Another option is to sample the next token from the output probability distribution at each time step, which allows the model to generate more surprising and interesting text. Pure sampling, however, tends to produce text that is too surprising and incoherent, and while it is certainly more interesting than the text from greedy decoding, it often doesn’t make much sense.

Best of both worlds

Luckily there are also alternative sampling methods available that provide a good compromise between greedy decoding and pure sampling.

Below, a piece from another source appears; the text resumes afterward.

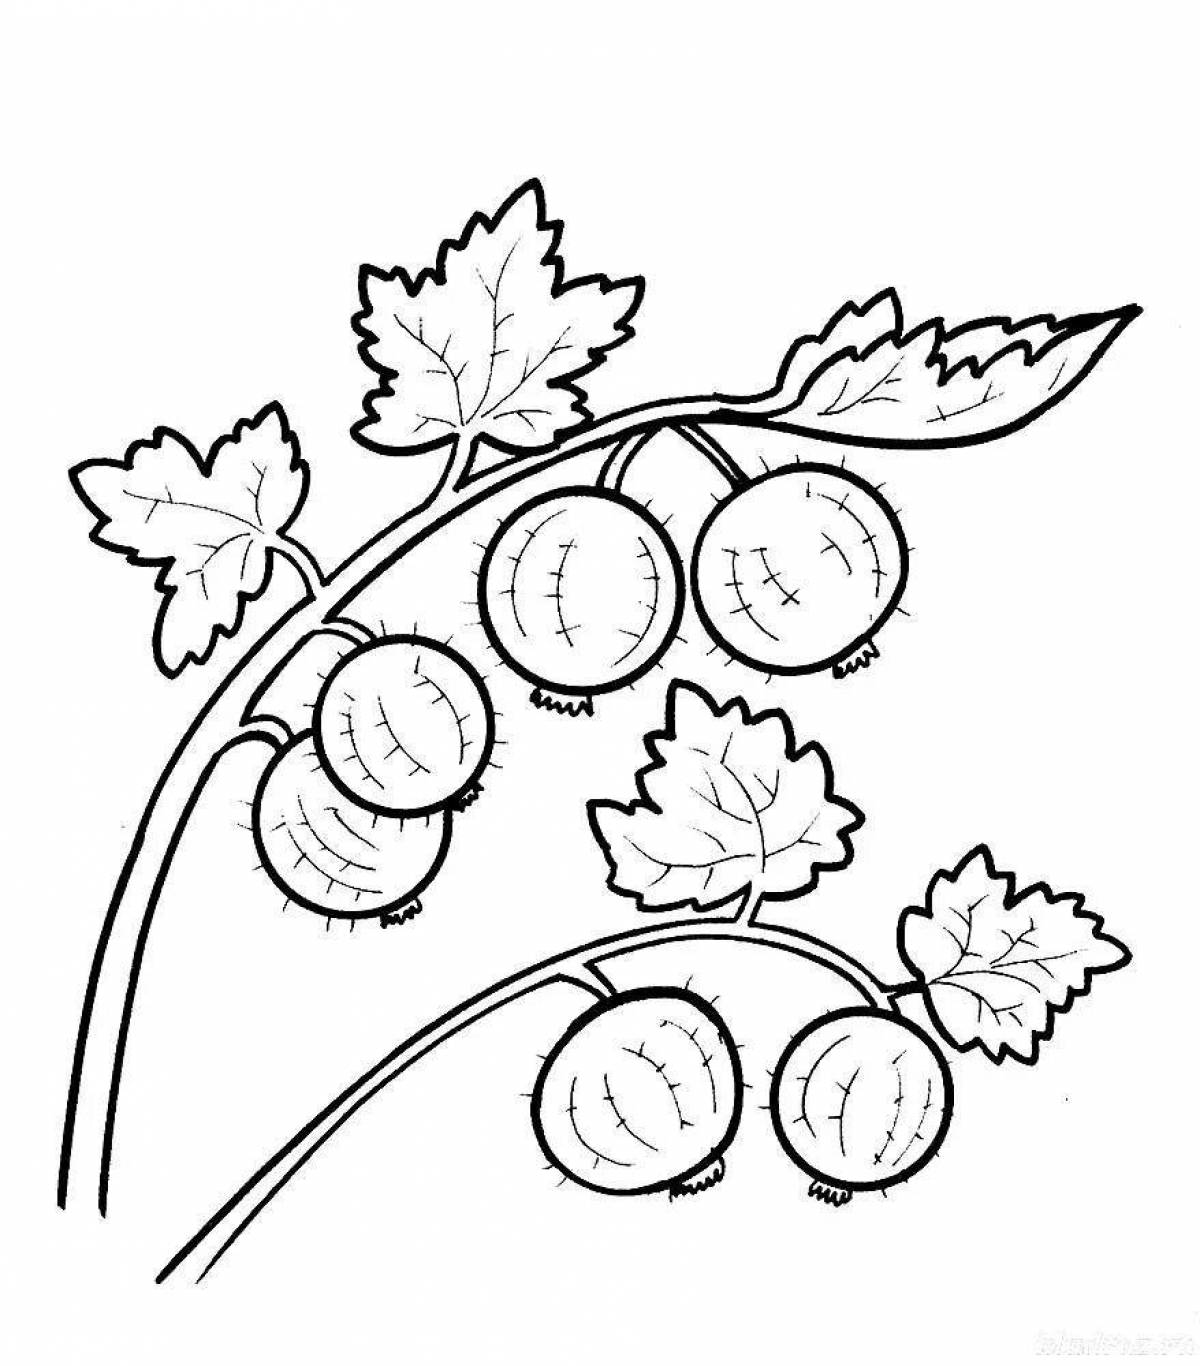 Colorful gooseberry coloring book for kids

Commonly used methods include temperature sampling and top-k sampling. Example text generated from GPT-2 using beam search and pure sampling, respectively. Degenerate repetition is highlighted in blue while incoherent gibberish is highlighted in red. Source: Figure 1 from the paper “The Curious Case of Neural Text Degeneration”. We chose to go with the more recently introduced sampling technique called nucleus sampling or top-p sampling, since it has been shown to produce the most natural and human-like text. It was introduced in the paper “The Curious Case of Neural Text Degeneration” (Holtzman et al) from last year, which is a very nice and interesting read that includes a comparison of different sampling strategies. In nucleus sampling the output probability distribution is truncated so that we only sample from the most likely tokens — the “nucleus” of the distribution. The nucleus is defined by a parameter p (usually between 0.95 and 0.99) which serves as a threshold: we only sample from the most likely tokens whose cumulative probability mass just exceeds p. This allows for diversity in the generated text while removing the unreliable tail of the distribution. Let’s have a look at some examples from our model (we use nucleus sampling with p=0.95 in all examples): We see that the text is pretty coherent and the model has actually learned to take the keywords into account. Next, let’s try with some more rare keywords from our corpus such as “brandweer” (occurs in only 51 training examples) and “doorgang” (occurs in 114 training examples). The text is now quite nonsensical and includes some made-up words (gehuurgen?) but still the model managed to get the context more or less right. Let’s finish off with a couple of more examples using more keywords as input.

Conclusion

Our first results look promising, at least when using common keywords as input. For keywords that don’t occur very often in our training corpus, the model seems to get confused and generates poor quality text. In general, we also noticed artifacts of OCR mistakes and pseudonymization mistakes from our training data, which limits the quality of the generated text. There is still lots of potential for improving our results, for example by further cleaning up the training data and by tweaking or scaling up the model architecture. One of the lessons learned from this experiment is that you don’t always need a huge transformer model in order to generate good quality text and that LSTMs can still be a viable alternative. The model architecture should be chosen according to your data. That being said it would be interesting to further scale up our approach, using more training data and a bigger model to analyse this trade-off. Text generation is a fun topic within natural language processing but applying it to real-life use cases can be hard due to the lack of control of the output text. Our keyword-enriched autocomplete tool provides a way of controlling the output through the use of keywords. We hope that this will provide notaries with a useful writing tool for assisting in writing Dutch real estate deeds.